Шрифт:
Интервал:
Закладка:
Пришли и новые люди — нового, доселе неизвестного нам качества, державшиеся обособленно и замкнуто. И в лагерной зоне их поместили в отдельных бараках, и на работе держали их как-то под особым наблюдением, смешанным из любопытства, некоторого страха и изрядной доли неприязни, не обнаруживаемой, впрочем, вслух: не полагалось ведь подразделять врагов народа на так называемых и всамделишных, да и кому охота разбирать эти нюансы…
Необычным и потому, должно быть, немного пугающим признаком новичков для нашего лагеря был их срок — двадцать пять! До этого выше червонца у нас никого не бывало, а с червонцем было, пожалуй, процентов девяносто. Считалось, что чем больше срок у человека, тем больше вероятности, что он подумывает о побеге: терять-то ему нечего, и так и этак — пожизненная каторга. Но к контрикам-троечникам успели как-то приглядеться и сообразить, что эта публика бежать не станет — некуда ей бежать, от себя никуда не убежишь. Так что и отношение к нам — в смысле нашей подконвойности — с годами стабилизировалось в весьма ощутимом соблюдении неких формальностей, не более того. Нас не донимали ночными поверками, прочими нервотрепками, обычными при закручивании режимных гаек. Нас не брили наголо — тех, кто добросовестно работал, во всяком, случае. Принудительная стрижка ограничилась в конце концов только клиентурой кандея: кто проштрафился и попадал в изолятор, выходил оттуда гладенький, так что резко выделялся на общем волосатом фоне.
А этих новеньких привезли стрижеными и часто стригли. Мы знали, что это — власовцы, хотя и не знали толком, кто или что такое сам Власов: официальная информация на эту тему была очень скупой, а неофициальной совсем не было. Попытки сближения с новичками терпели крах: они держались замкнуто, производили впечатление людей очень недалеких, угрюмо напряженных, ушедших в себя и крайне недоверчивых. Те несколько недель, что провели они на нашем заводе, были для нас, старичков, омрачены очередным крушением надежд. После тридцать восьмого года массовых поступлений нигде не отмечалось, и было похоже, что больше такого не повторится, и возникали друг за другом надежды: когда вспыхнула война — не отправят ли на фронт, а когда настала победа — не освободят ли так же легко и просто, как в свое время посадили…

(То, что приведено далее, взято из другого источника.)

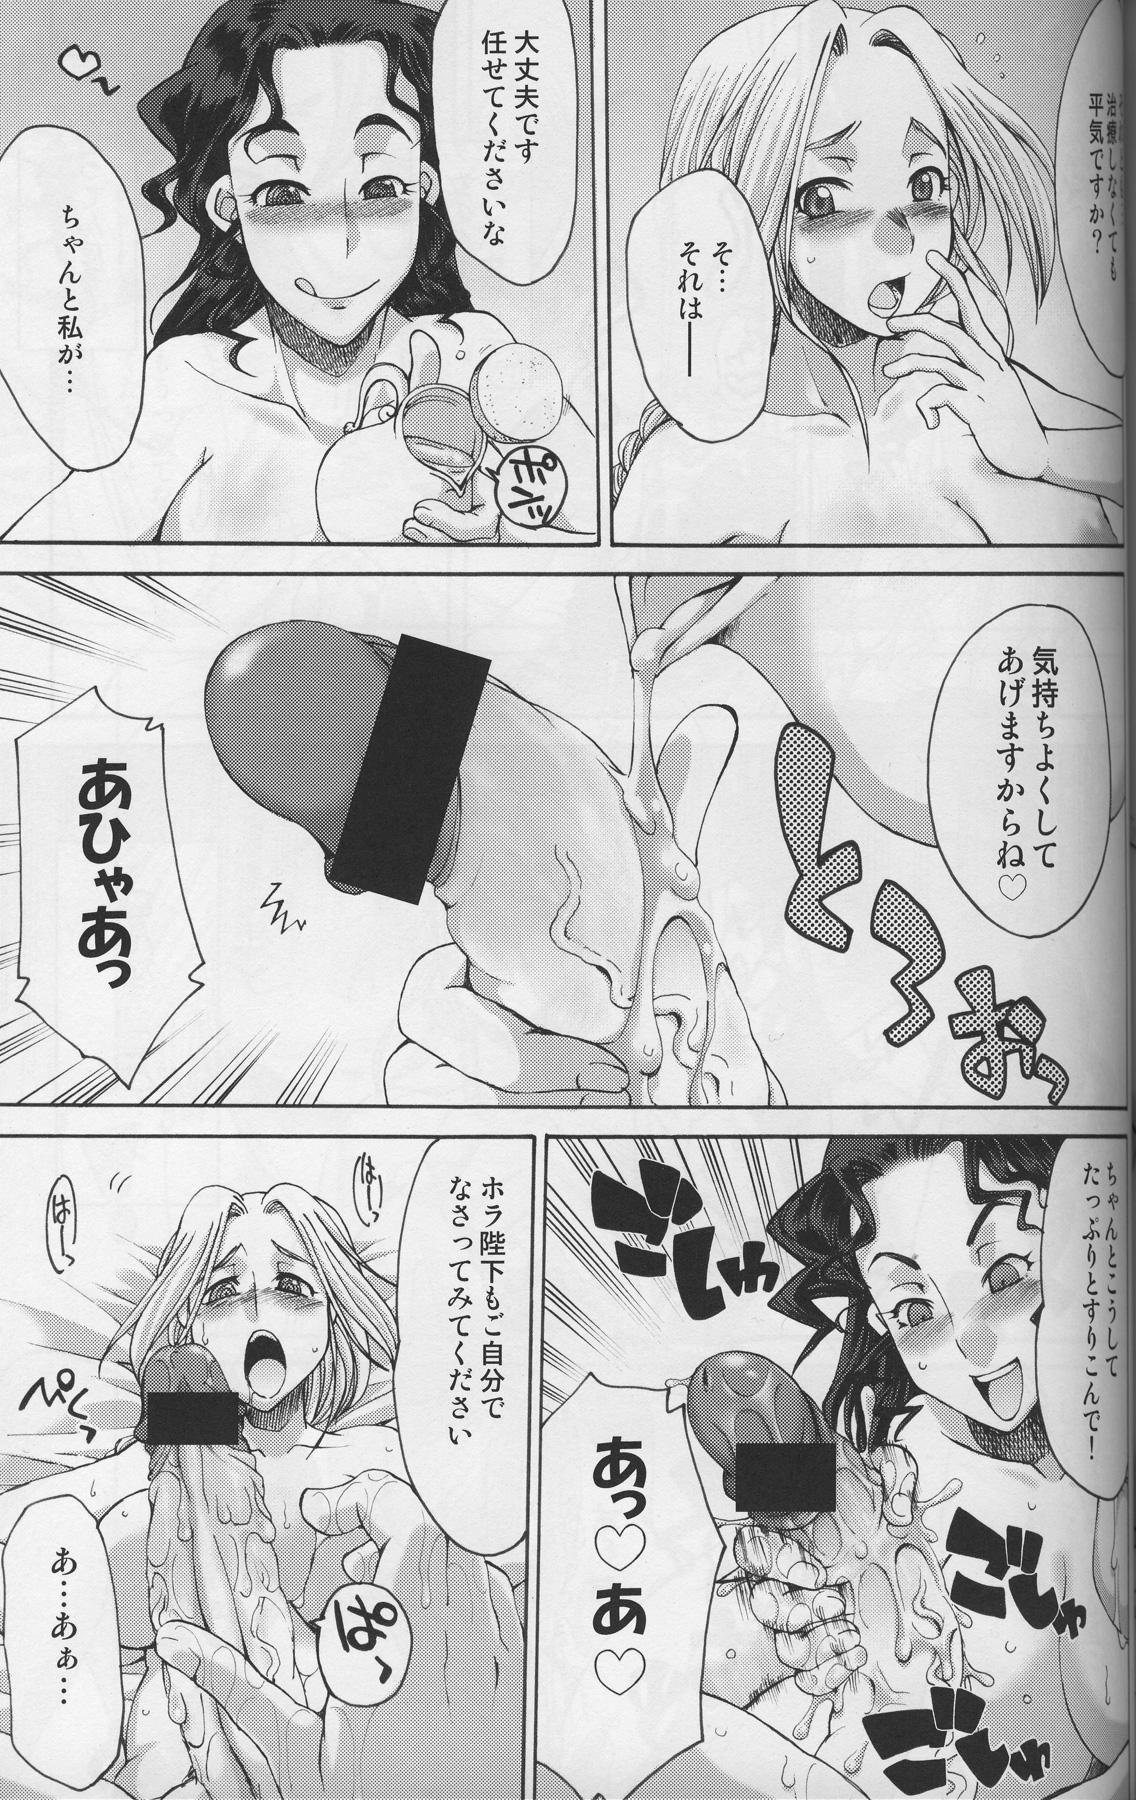 Komakasugite Tsutawaranai Ero Doujin Senshuken Haru no Nijikan SPECIAL 46

Правда, мы опасались амнистии. Амнистировать — значит простить грехи, а грехов за собой мы не знали. Я не берусь говорить за всех или даже за многих,— возможно, были люди, которым важно было освободиться, вернуться на волю любой ценой, любым путем, и в общем-то было начхать, будет ли это называться амнистией, депрессией, помилованием или еще как-нибудь. Но о себе и о Юрке и еще о достаточно большом количестве хорошо знакомых мне людей я могу вас заверить, что если б перед нами стоял выбор — амнистия или бессрочное заключение с надеждой на пересмотр дела и реабилитацию, мы, не раздумывая, избрали бы второе. Свобода? — Да, но только действительная, мне принадлежащая, а не дарованная из милости. Любовь к свободе, как всякая любовь, не всегда прямо пропорциональна степени обладания объектом любви. Иногда она и обратно пропорциональна…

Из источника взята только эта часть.